Does anyone make an adapter for that? I really need a USB port on the left side of my laptop. I have 3 on the right side. I have no use for the HDMI or VGA ports.


----------



## Joeywhat (Apr 18, 2020)

So you want to convert a display port (HDMI/VGA) to USB so you can plug in USB devices like a mouse, keyboard, storage device, etc?

It doesn't work that way. What you CAN do, however, is buy a USB hub and connect it to an existing USB port. It will allow you to connect more USB devices, although potentially at a limited power (not an issue for most devices).


----------



## rusty baker (Feb 13, 2009)

Joeywhat said:


> So you want to convert a display port (HDMI/VGA) to USB so you can plug in USB devices like a mouse, keyboard, storage device, etc?
> 
> It doesn't work that way. What you CAN do, however, is buy a USB hub and connect it to an existing USB port. It will allow you to connect more USB devices, although potentially at a limited power (not an issue for most devices).


On the wrong side to be practical. Where my laptop sits, I would have to run an extension to the other side. I have a multi port. You can buy an adapter that converts USB to VGA. They make adapters to convert a VGA to a male USB,


----------



## Joeywhat (Apr 18, 2020)

rusty baker said:


> Joeywhat said:
> 
> 
> > So you want to convert a display port (HDMI/VGA) to USB so you can plug in USB devices like a mouse, keyboard, storage device, etc?
> ...


Yes, and those are for connecting monitors to USB ports. If you have a serial port on the right side (will look similar to the VGA) you can get an adapter to convert that to USB, but it won't work for monitor connections on your laptop.


----------



## rusty baker (Feb 13, 2009)

Joeywhat said:


> Yes, and those are for connecting monitors to USB ports. If you have a serial port on the right side (will look similar to the VGA) you can get an adapter to convert that to USB, but it won't work for monitor connections on your laptop.


I just want to plug the tablet I programmed as a police scanner into that side of the laptop.


----------



## Joeywhat (Apr 18, 2020)

That display port won't act as a data port. You can buy the adapter and give it a try if you want, though. Unless there is a serial port there you're out of luck.


----------



## rusty baker (Feb 13, 2009)

They are HMDI and SATA ports. Got one of my kids to look who can see.


----------



## Joeywhat (Apr 18, 2020)

rusty baker said:


> They are HMDI and SATA ports. Got one of my kids to look who can see.
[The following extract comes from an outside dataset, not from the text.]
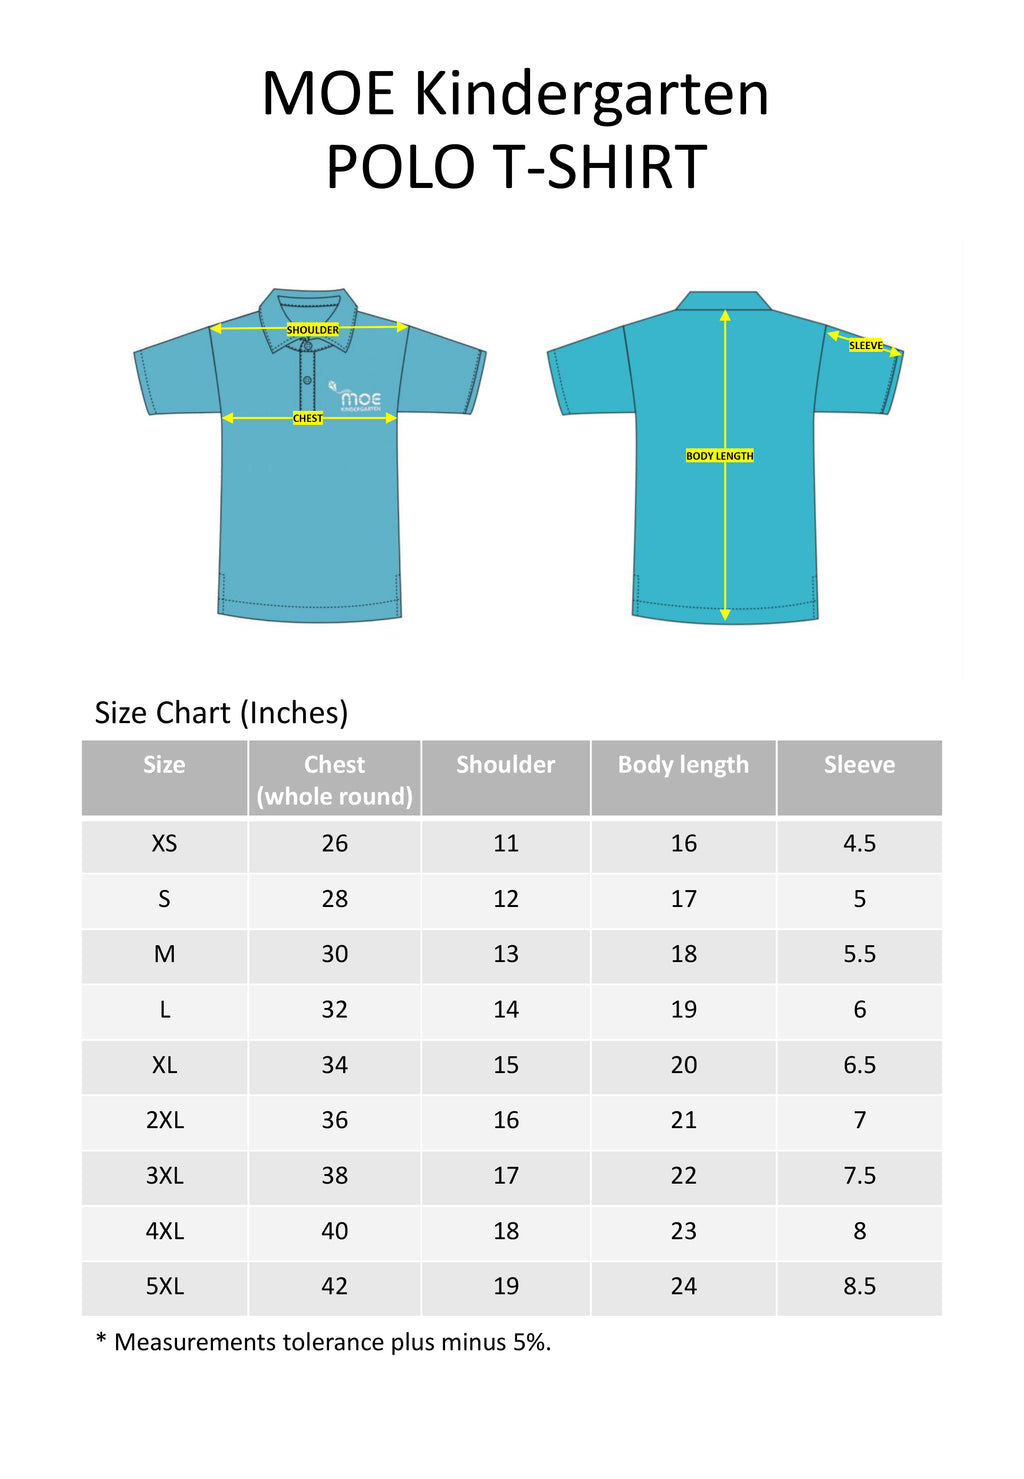 MOE Kindergarten Polo T-Shirt Unisex

Are you only trying to get sound from the police scanner into your laptop? Any other functionality you need? Getting audio/visual from one to the other via the HDMI is very possible. You can't transfer "plain data" like you could a straight USB connection, but transferring the audio is possible. You'll have to set it up properly but it should work. What are you doing with the scanner audio once it's on your laptop? Recording it? Playback only? It's helpful to know exactly (and thoroughly) what you're trying to accomplish with this. 

Does the tablet/scanner have an HDMI output? A lot of them do, or if it's a newer tablet it might have USB-C or thunderbolt outputs, which can connect to HDMI without any fuss.


----------



## rusty baker (Feb 13, 2009)

Joeywhat said:


> Are you only trying to get sound from the police scanner into your laptop? Any other functionality you need? Getting audio/visual from one to the other via the HDMI is very possible. You can't transfer "plain data" like you could a straight USB connection, but transferring the audio is possible. You'll have to set it up properly but it should work. What are you doing with the scanner audio once it's on your laptop? Recording it? Playback only? It's helpful to know exactly (and thoroughly) what you're trying to accomplish with this.
> 
> Does the tablet/scanner have an HDMI output? A lot of them do, or if it's a newer tablet it might have USB-C or thunderbolt outputs, which can connect to HDMI without any fuss.


Just trying to hook the tablet via USB for power. There are no USB ports on the left side of my laptop. That is where I need the tablet. Just trying to keep from running a cable around my laptop.


----------



## djlandkpl (Jan 29, 2013)

rusty baker said:


> Just trying to hook the tablet via USB for power. There are no USB ports on the left side of my laptop. That is where I need the tablet. Just trying to keep from running a cable around my laptop.


Could you use a USB power brick instead of trying to use your laptop?


----------



## rusty baker (Feb 13, 2009)

djlandkpl said:


> Could you use a USB power brick instead of trying to use your laptop?


The location of my setup just makes it easier to run it off the laptop. If i have to, I will run a cable around from the other side. I just hoped I could use one of the wasted ports.


----------



## djlandkpl (Jan 29, 2013)

Don't want to assume. Have you confirmed your laptop USB will charge your tablet. I have an older laptop and the USB port doesn't put out enough voltage to charge my iPad.


----------



## rusty baker (Feb 13, 2009)

djlandkpl said:


> Don't want to assume. Have you confirmed your laptop USB will charge your tablet. I have an older laptop and the USB port doesn't put out enough voltage to charge my iPad.


I have had it plugged into to it before, but had to change my setup.


----------